The thing that made me come alive was music, writing, the arts and theater. That’s what I felt made to do. I was told over and over again though “Unless you make it big (which is very hard to do) prepare to be a starving artist.” This always made me feel defeated, but then sometimes I would have thoughts like “Maybe I am creative enough, to be successful with it.” I thought, “maybe I can be such an amazing artist that my parents won’t mind that I never had a heart to be a lawyer or a doctor like their friend’s kids. Maybe I could still make them proud after all.”

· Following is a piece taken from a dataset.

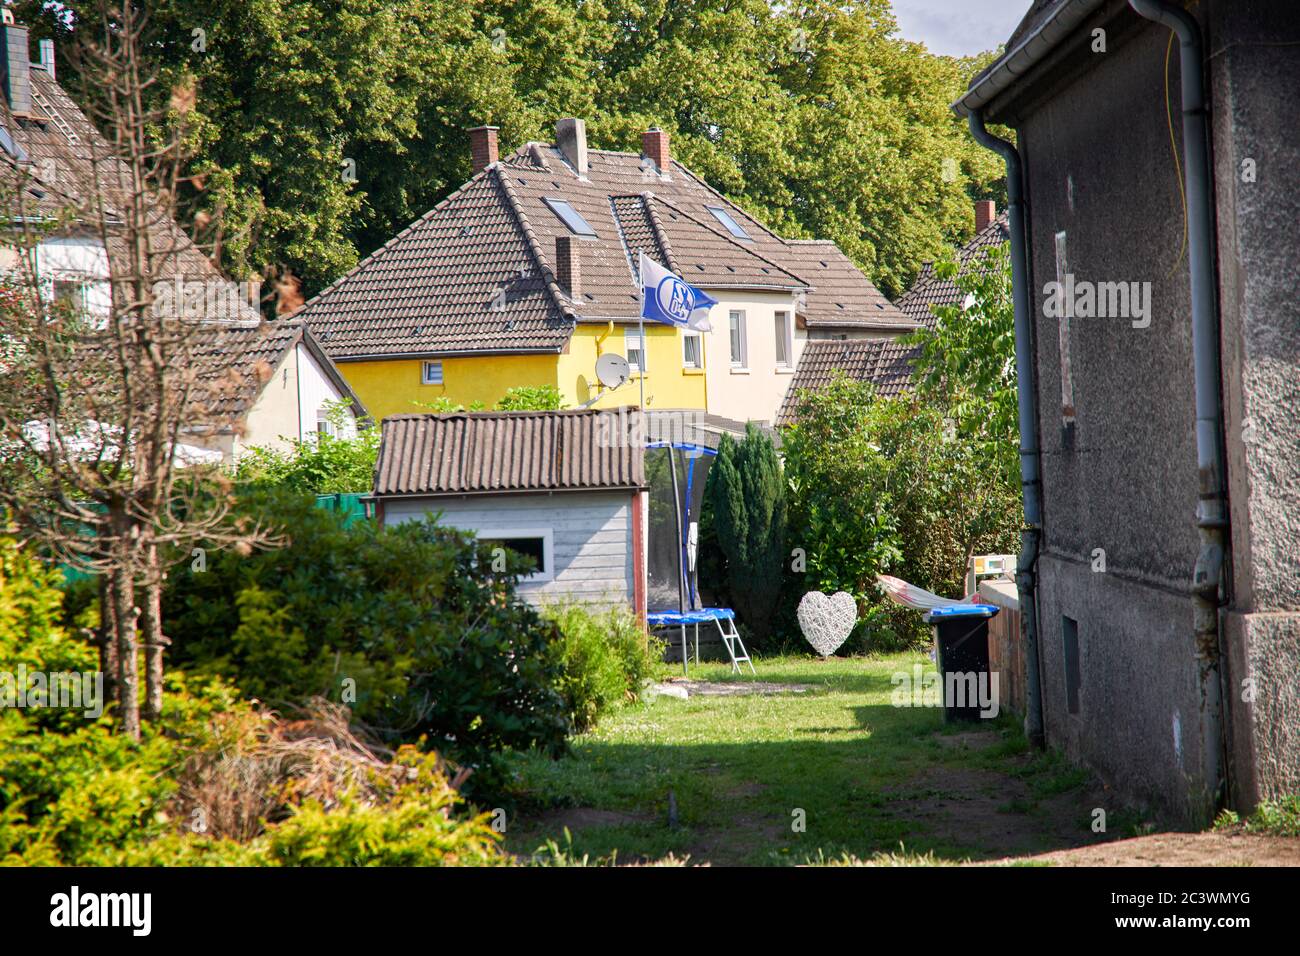 Bergarbeitersiedlung a Gelsenkirchen Hassel. In einam Garten hinter einem Bergarbeiter Haus weht die Flagge von dem Fussballverein Schalke 04. Foto Stock

This class killed all of those hopes for me though. “You aren’t even good at art! You aren’t creative! You are just dumb!” Those thoughts plagued me. For years, I walked around thinking I was the dumbest person to walk this earth. I hated that I wasn’t smart. I wasn’t pretty either. The only thing I had going for me was my sense of humor. I clung to it and hoped it would distract from how unintelligent and plain I was.

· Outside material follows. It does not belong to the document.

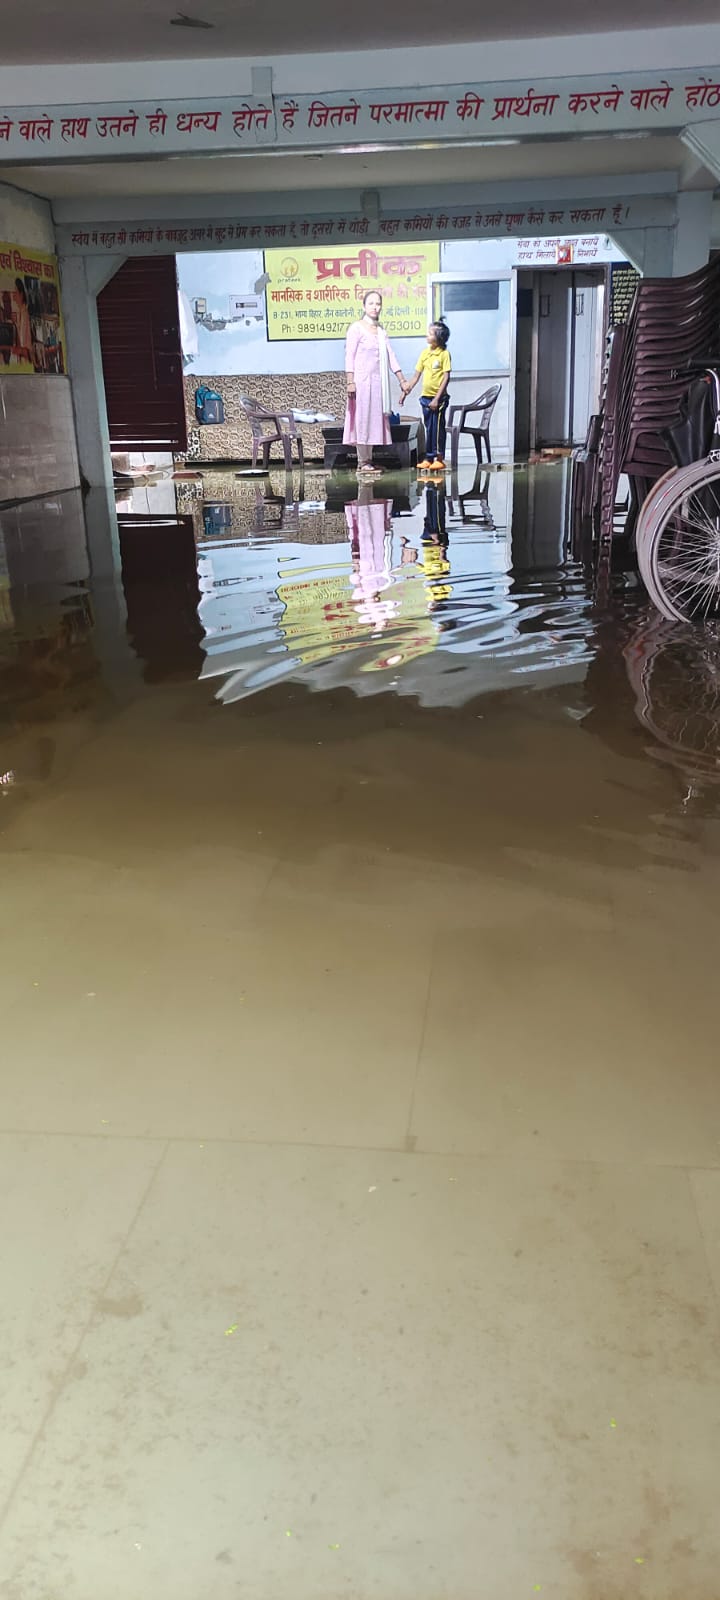 Delhi: मुंका के स्पेशल स्कूल में घुसा बाढ़ का पानी

Flash forward years later, I was venting to my husband over something and made the comment “that I wasn’t good at anything.” He looked at me stunned. “What? You are good at a lot of things! I think you are very smart!” he said. I kind of chuckled “yeah ok.” “You are! You are good at music, and writing and- ” I KNOW I KNOW, I’m good at all those things. I just wish I was good at something that actually mattered.” The tears streamed down my face, betraying the fact, that I told myself I was “ok with being dumb.”

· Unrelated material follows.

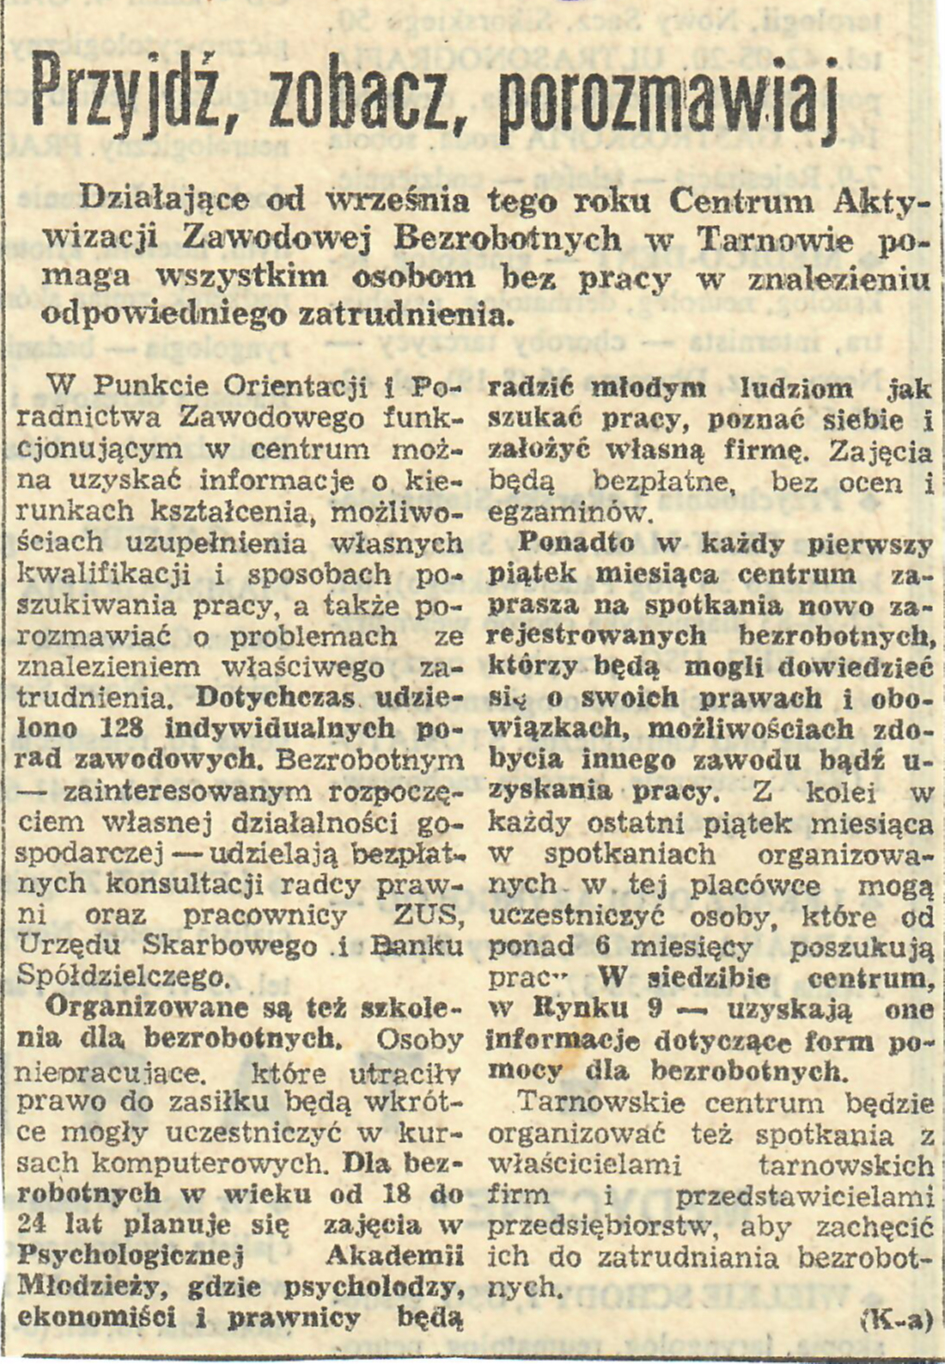 Artykuł z gazety dotyczący Tarnowskiego Centrum Aktywizacji Zawodowej Bezrobotnych

Much healing has taken place and I don’t feel that way anymore. At the time though, I didn’t understand my genius. I was too busy judging myself over things that weren’t my gift. To this day, if you put me next to a Mathlete, I’m not going to look that smart. If you want to have a scientific debate with me, I’m lost. I still am not great at drawing. I’m pretty bad at painting as well. That’s ok. I still love those things, and you will still find me in art galleries drooling over paintings, that I’m not able to do.
I am no longer discouraged by what I can not do. My weaknesses allow me to marvel in others strengths I don’t posses. The reality is, I may not be good at Science or Math, but I’m definitely not dumb. I’m no super model, but I am certainly beautiful. I can’t draw amazing sketches like my husband or kill at pottery, like Kristen, but I know in my heart that I am an artist. I was born to create.
You are a genius. You are brilliant.You are beautiful masterpiece that no one will ever be able to imitate. They can try, but it will never be the same. I am so tired of brilliant minds, being fooled into believing they are dumb. It’s time to embrace your genius. It’s time to un-apoligetically be who YOU were created to be. Next time the world tries to tell you just how dumb you are because your genius doesn’t look like someone else’s, you respond like the fish. You respectfully admire, the birds that can fly and the cat’s that can climb trees. Then you swim. You do what you were made to do, brilliantly.